As with any business, healthcare needs the ability to access, analyze, manipulate, and store large volumes of data. This kind of data processing is central to the technologies behind the Oracle Cloud Infrastructure Lakehouse (data lakehouse), which facilitates artificial intelligence (AI) and machine learning (ML) to enhance patient experience.
The setup of a healthcare system, in terms of patient experience, should consider:
- Getting accurate patient information to clinicians as quickly as possible, with an ease that removes unnecessary burdens, allowing the clinician to spend as much time on the patient’s case as possible.
- Getting the patient from symptoms to recovery as quickly as possible.
- Ensuring the process is as cost-efficient as possible, regardless of whether the cost is taken on by the patient, their medical insurance, or a public health service (e.g., National Health Service in the UK).
For example, a general practitioner (GP) or a primary care provider (PCP) believe their patient is exhibiting signs of pneumonia. They referred the patient to a medical center (hospital or imaging center) for a chest x-ray to investigate if pneumonia or something else is causing the patient’s symptoms. The first step in this process is to set up an appointment with the medical center and share the patient’s electronic medical record (EMR) or electronic health record (EHR). Ideally, this data would be incorporated in the data lakehouse.
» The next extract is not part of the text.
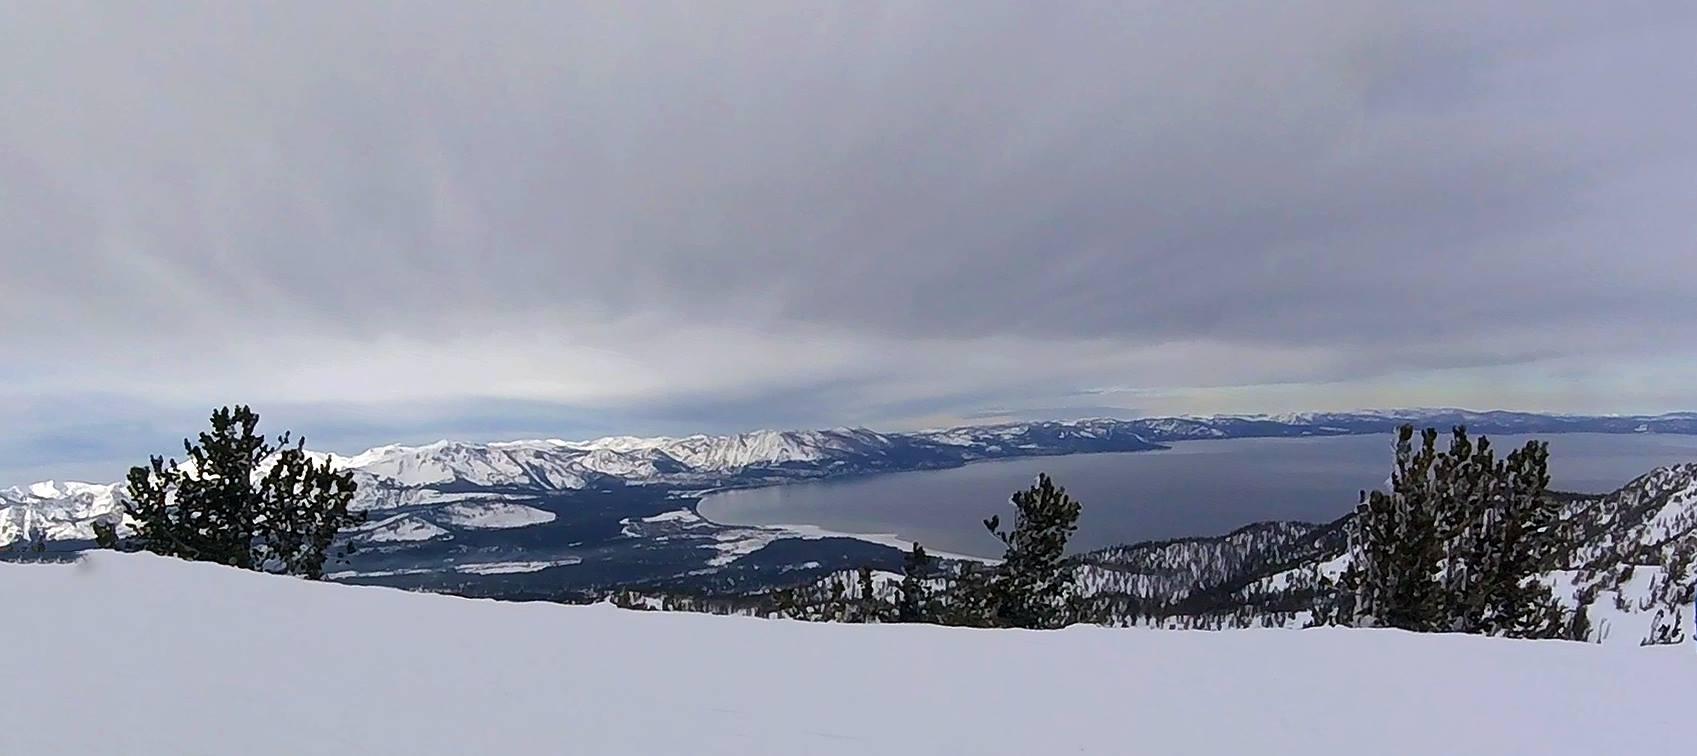 Sergey's Interests -Snowboarding (Tahoe)

The radiology staff at the medical center would take the x-rays, but from that point forward, the data lakehouse and related technologies play an active role in the diagnosis process. The x-ray image is created using the radiology information system (RIS) and stored using either the picture archiving and communication system (PACS) or a newer generation of data storage such as the Vendor Neutral Archive (VNA). The images are likely stored using a medical imaging format such as Digital Imaging and Communications in Medicine (DICOM), that stores a very high-resolution image with its associated metadata, such as details about where and when the image was generated and the type of modality (how the image was captured). This metadata is linked to the correct patient and their records.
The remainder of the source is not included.